North Korean Vice Foreign Minister Kim Kye-gwan would join officials from all the countries taking part in the six-way talks aimed at preventing a nuclear crisis on the Korean peninsula.

The officials -- including US chief negotiator Christopher Hill -- will be in Tokyo for a private forum on security issues that begins on Sunday.

The six countries in the nuclear talks agreed in principle in September that the North would dismantle its nuclear programmes in exchange for aid and better diplomatic ties.

But the last session in November ended without progress and North Korea has said it would be unthinkable to return to the table while Washington is taking action against its alleged counterfeiting, drug trafficking and money laundering. North Korea has denied involvement in any illegal activities.

Kim Kye-gwan, a top aide to North Korean leader Kim Jong-il, is expected to arrive in Japan later this week, a source in Tokyo with close ties to Pyongyang told Reuters.

Korea experts in Tokyo believe the gathering could set the stage for resuming the negotiations.

''Although this is a private forum, it could give us a good chance to pave the way for resolving North Korea's nuclear programmes,'' a senior Japanese government official said yesterday, on condition of anonymity.

BUSH-HU MEETING Masao Okonogi, a professor at Tokyo's Keio University, said expectations of another round of six-party talks before Chinese President Hu Jintao meets US President George W Bush later this month had faded because of friction between Pyongyang and Washington over the money laundering allegations.

''But neither America nor North Korea or the other participants want to destroy the six-party framework,'' he said.

''There is a small possibility that there could be an agreement to resume the six-way talks. That would make it easier for Hu when he meets Bush.'' North Korea could try to persuade the United States to lift the financial sanctions but Washington was unlikely to agree easily, said Noriyuki Suzuki, chief analyst at the Tokyo-based Radiopress news agency, which monitors North Korean media.
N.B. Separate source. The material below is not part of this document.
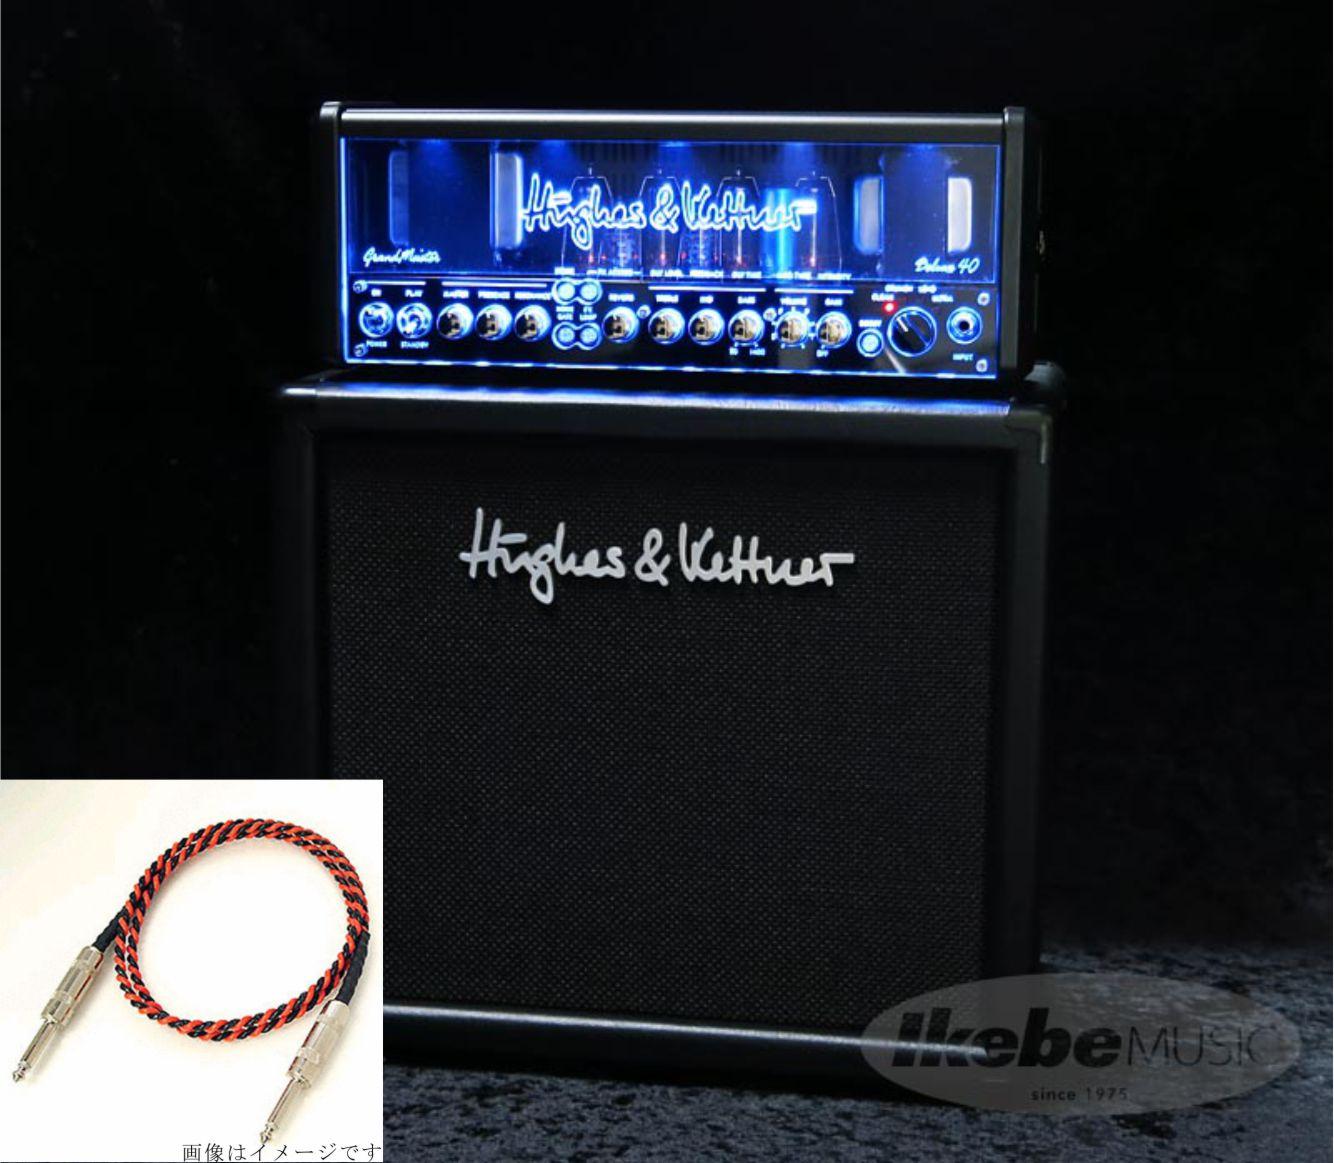 Hughes&Kettner 《ヒュース&ケトナー》GrandMeister Deluxe 40 & TubeMeister 112 Cabinet【数量限定ロゴ入りTシャツプレゼント!】Belden 9497ケーブル・プレゼント【送料無料!】

''This is a miniature version of the six-party talks and North Korea wants to send a message that it has no intention of scrapping the six-party framework,'' Suzuki said.

US ambassador to Seoul Alexander Vershbow said in an online chat with South Korean residents yesterday that Washington was losing patience with Pyongyang for stalling the six-party talks.

The six-party talks involve the two Koreas, the United States, China, Russia and Japan.

Other North Korean officials including Jong Thae-yang, deputy chief of the Foreign Ministry's US affairs department, and Han Song-ryol, deputy permanent representative to the United Nations, were also granted permission to visit Tokyo, the source in Tokyo said.